On the whole I can't agree with you that Yellowstone is being "thrashed", the backcountry is seeing less use than ever. The front country is overused and abused, but that has nothing to do with paddling.


----------



## wyosam (May 31, 2006)

I'll have to look at the last revision, I read a much different interpretation of the latest changes, I dont recall where (one of the Montana papers maybe?). If your description is accurate, then that sounds a whole lot more reasonable. I dont have anything to base it on other than my experience, but it sure seems harder to get away from the crowds now than it did 20 years ago. I suppose that could be as much increased visitation during shoulder seasons as anything- even the front country used to be fairly quiet, at least as compared to now, in the spring and fall.


----------



## wyosam (May 31, 2006)

Here is the quote I was thinking of, it was in this week's JH News & Guide. It may or may not be an accurate interpretation of the legislation, but this sure makes it sound like the money still has to be spent to study, but many sections would opened regardless of the outcome of those studies. Whatever someone thinks of the NEPA process in general, I'm sure we can all agree that spending time and money to perform a study that has a predetermined outcome or is already planned to be ignored (and I'm sure there are lots of these) is a complete waste of tax dollars. 

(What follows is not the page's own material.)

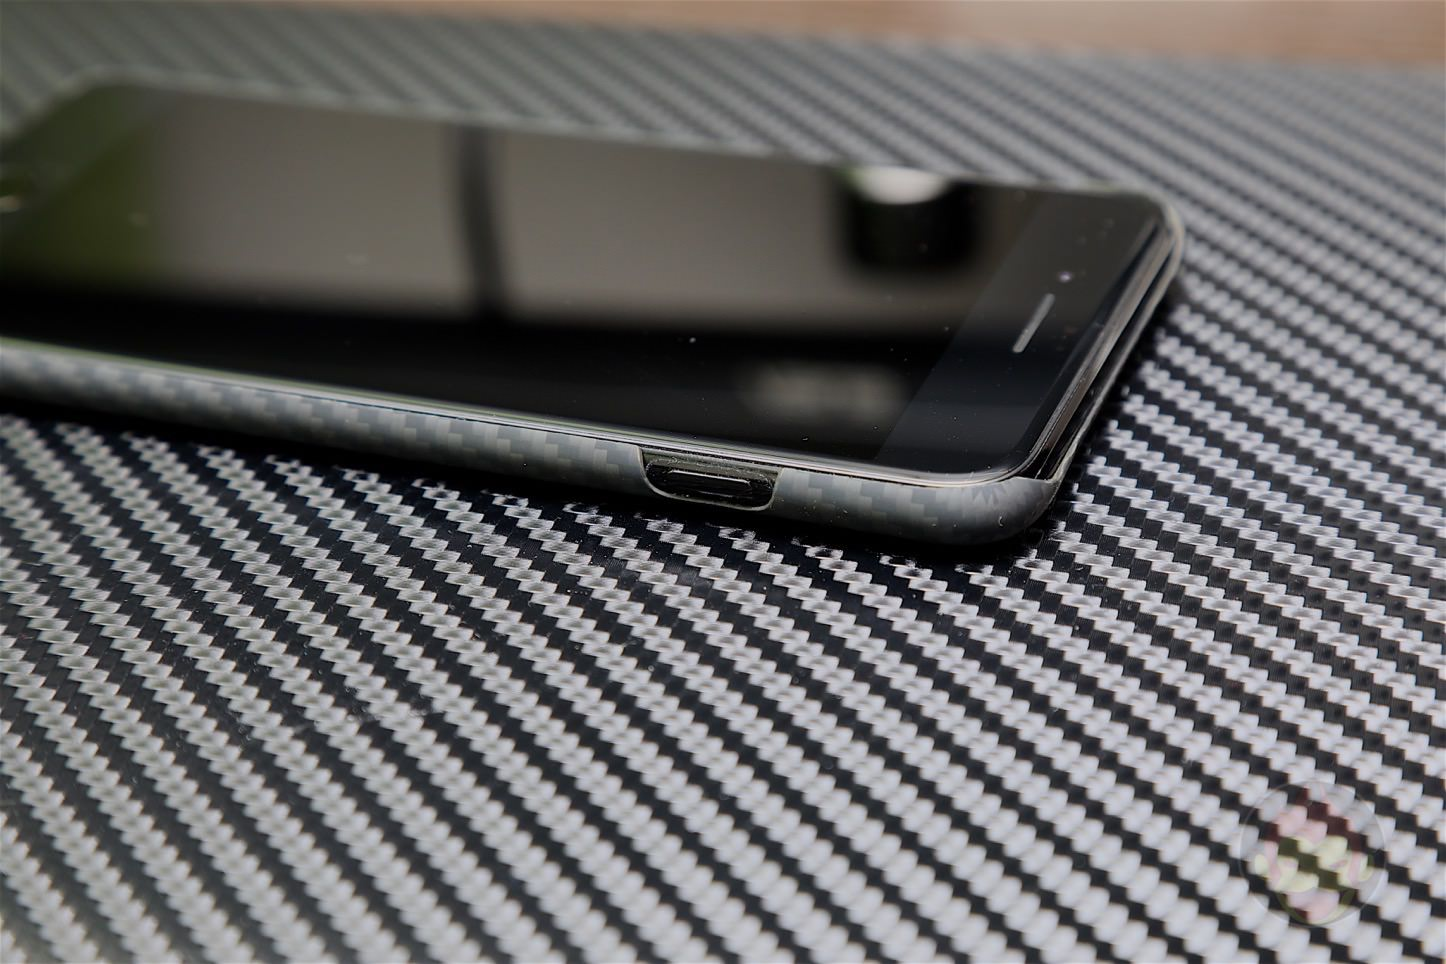 Pitaka iPhoneケース レビュー

"Paddling advocates say that the act would trigger an analysis that’s required by the National Environmental Policy Act, which is the ordinary avenue for management changes on federal public land. But any study would have a predetermined outcome, at least for 429 miles of streams and rivers.
Lummis added an amendment to the act that would force the two national parks to allow, at a minimum, paddling on 50 stream and river segments in Grand Teton and Yellowstone parks.
In Yellowstone the act would open up 37 stretches of water, including 22.3 miles of the Gallatin River, 8.5 miles of the Lewis River and a 13.4-mile reach of Slough Creek. Thirteen stretches of water in Grand Teton park are written into the legislation, including stretches of the Buffalo Fork and Gros Ventre rivers and Arizona, Berry, Cottonwood, Ditch, Lake, Owl, Pacific, Pilgrim, Polecat and Spread creeks."


----------



## Junk Show Tours (Mar 11, 2008)

There have been a number of dishonest opinions published lately, especially in the JHN&G.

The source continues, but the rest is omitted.